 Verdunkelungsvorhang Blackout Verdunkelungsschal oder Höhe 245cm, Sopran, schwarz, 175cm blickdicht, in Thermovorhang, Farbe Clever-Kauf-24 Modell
──────────────────────────────
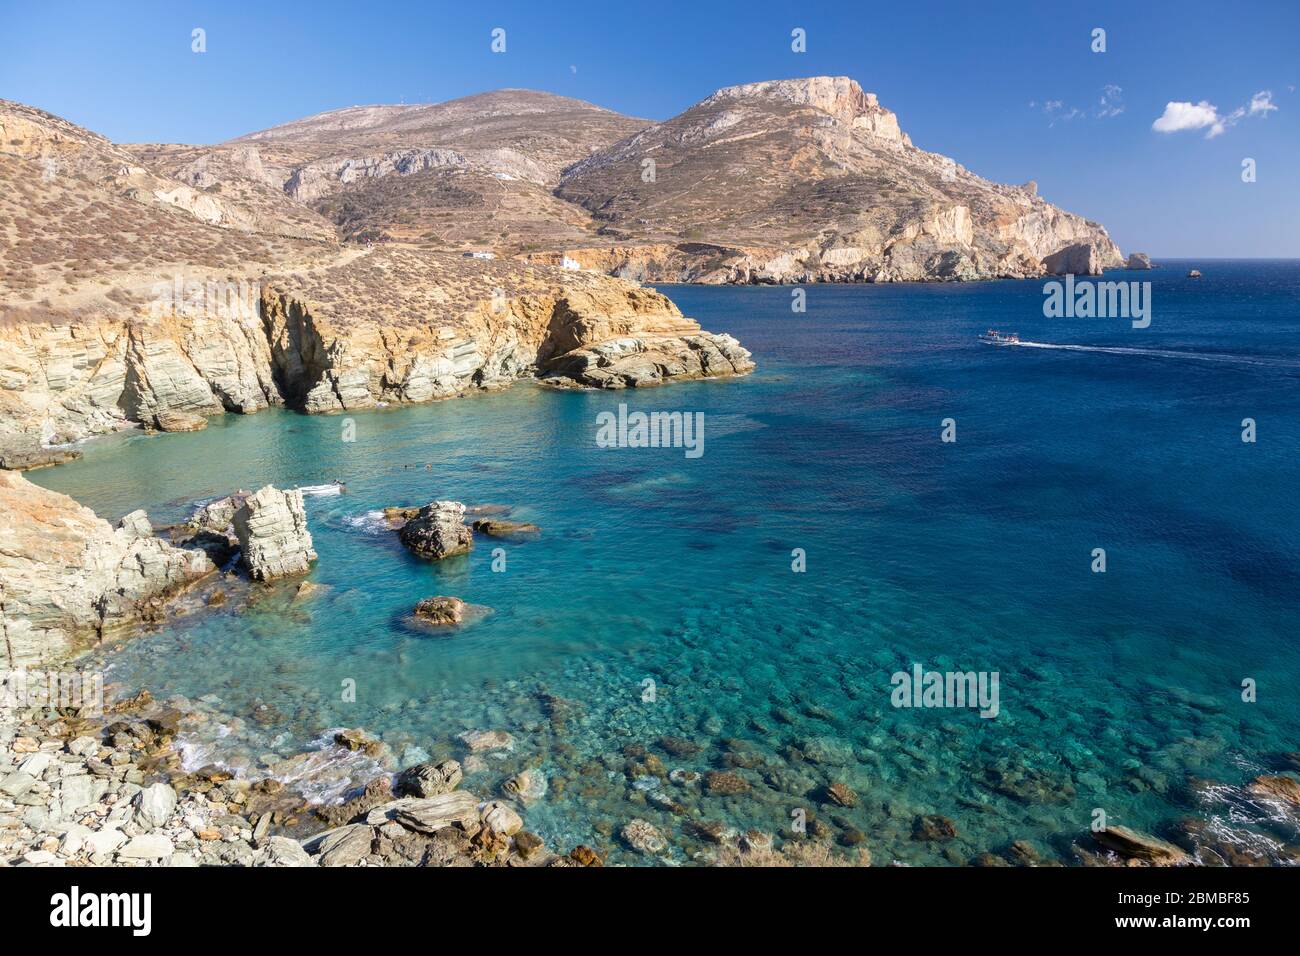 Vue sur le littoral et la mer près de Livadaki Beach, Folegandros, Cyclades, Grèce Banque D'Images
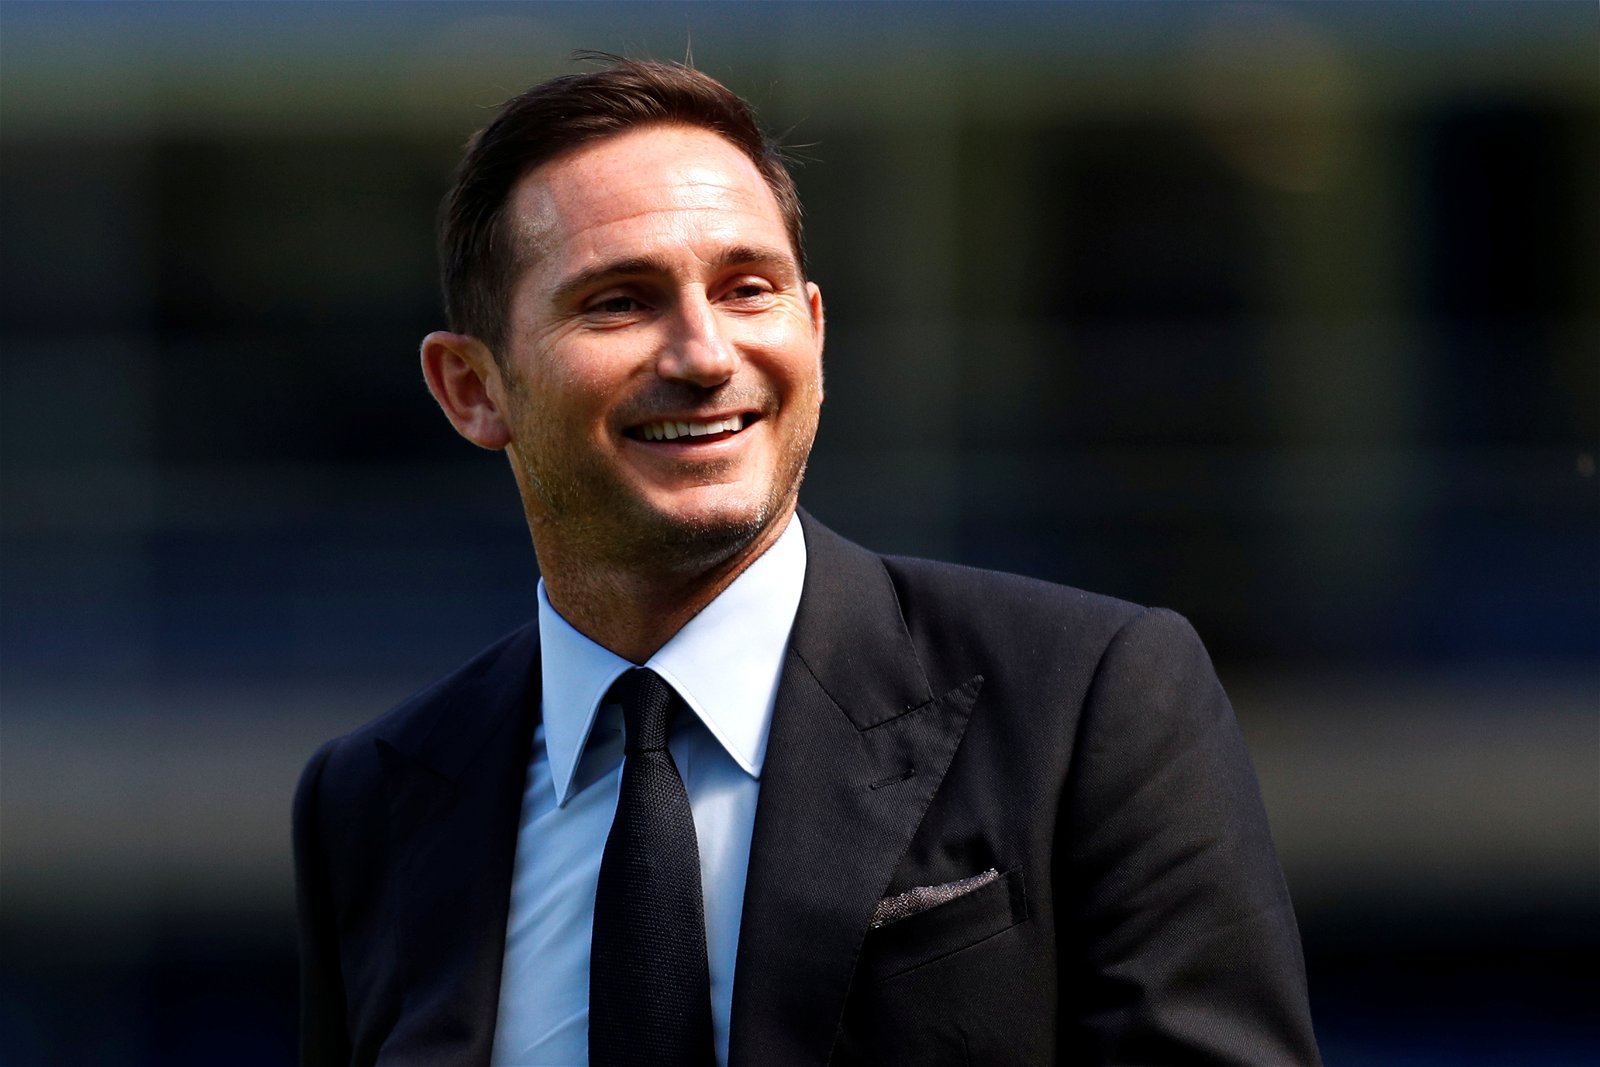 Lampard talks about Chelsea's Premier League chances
──────────────────────────────
◆ **What to work on**: Above are records; repeat only the lines from the line with "Vue sur le littoral" through the line with "Lampard talks about", and leave pictures out.

◆ **Written answer**:
 Vue sur le littoral et la mer près de Livadaki Beach, Folegandros, Cyclades, Grèce Banque D'Images
 Lampard talks about Chelsea's Premier League chances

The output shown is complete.